Glenn Johnson, the design director at B/E Aerospace, which makes seats for Southwest Airlines, Continental Airlines and British Airways, among others, argues that his company’s chairs are comfortable. Lift the cushion on a B/E seat and you see a stretched fabric diaphragm, not unlike an Aeron chair, a comfort feature B/E patented a decade ago. It has also patented armrests with a forward hinge point, creating knee room for the passenger behind. “If you put an economy-class seat in a nice place and compared it to an Aeron chair, I would argue that the Aeron chair is no more comfortable,” Johnson says. The issue, he contends, is one of environment, thus the reason why we don’t mind sitting on hard wooden stools in a bar. Like Brauer, Johnson insists that it’s not the seats; it’s how the airlines pack them in.

The calculus of comfort is straightforward: Measure from one mounting bolt to the same point at the row behind — a distance known as seat pitch — and subtract the thickness of the back cushion to determine leg room. Most carriers fix their seats somewhere between a 31- and 34-inch pitch. Assuming a seat thickness of two inches, even the tightest spacing actually allows for 99th-percentile males to squeeze in. But once they’re in there, they can’t move. “Wiggle room,” Brauer says, “contributes to comfort in a very real way, but not in a way that is easily quantified.” For me to be able to cross my legs, I’d need 26.25 inches for my femurs, about five inches for my calves, plus two inches for the seat: a 33.25-inch pitch. That rarely happens.

JetBlue is one of the few carriers that builds in wiggle room. Its three-by-three Airbus A320s have a standard 34-inch pitch, and six rows with a 38-inch pitch for a fee ($10 to $30, depending on flight length). It’s not that the bigger, multi-class airlines haven’t tried. In 2000, American Airlines yanked at least one row out of its 700 aircraft and advertised “More room throughout coach,” hoping to fill up its planes. The $70-million reconfiguration added three inches of legroom. “It was a grand experiment, but it didn’t really work,” admits company spokesman Tim Smith. “If you do a survey, people will say one thing — ‘Oh yeah, I’d pay $10 more for more legroom’ — but when it comes time to vote with their wallet, they’ll go across the street.” In 2003, American reversed course, reducing fares and legroom.
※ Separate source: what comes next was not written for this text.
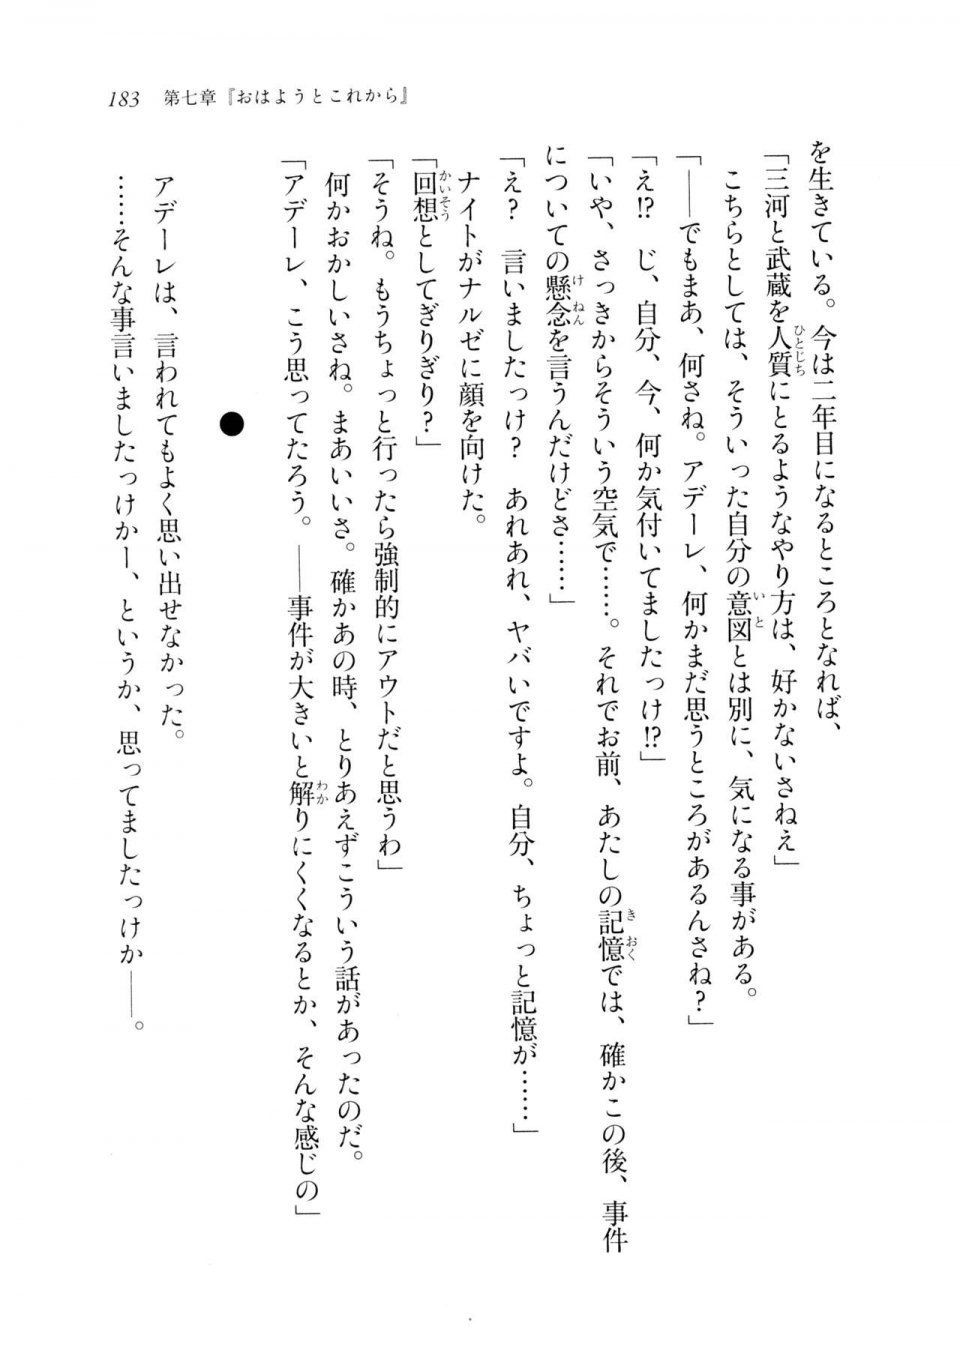 Kyoukai Senjou no Horizon LN Sidestory Vol 2 - Photo #181

Perhaps it’s the marketplace that’s flawed. Everyone who flies steerage pays for the same amount of personal space, regardless of size, and given the ease of comparison shopping, the lowball offer always wins. But if the airlines are so pressed for profits, I’ve got a better idea. Charge for weight instead, since that’s really what burns fuel. Pull a row, add room to shift around, and then fix a total weight limit for each economy ticket — let’s say 225 pounds for you and all your gear. You go over that, you pay more, just like with luggage. This should more than make up for revenue lost to that missing row.

What? It would be embarrassing to hop on a scale at check-in? Any more so than I find taking off my shoes and belt and trying to keep the line from seeing my spandex underwear while some guy wands me? It seems to me that the fairest option is paying for your own freight.

How else to solve my dilemma? It’s no surprise that 99 percent of the population isn’t willing to pay extra for my comfort, because they don’t need the extra legroom. So, going by the numbers, it turns out the person I have to blame for my battered knees is you, shorty.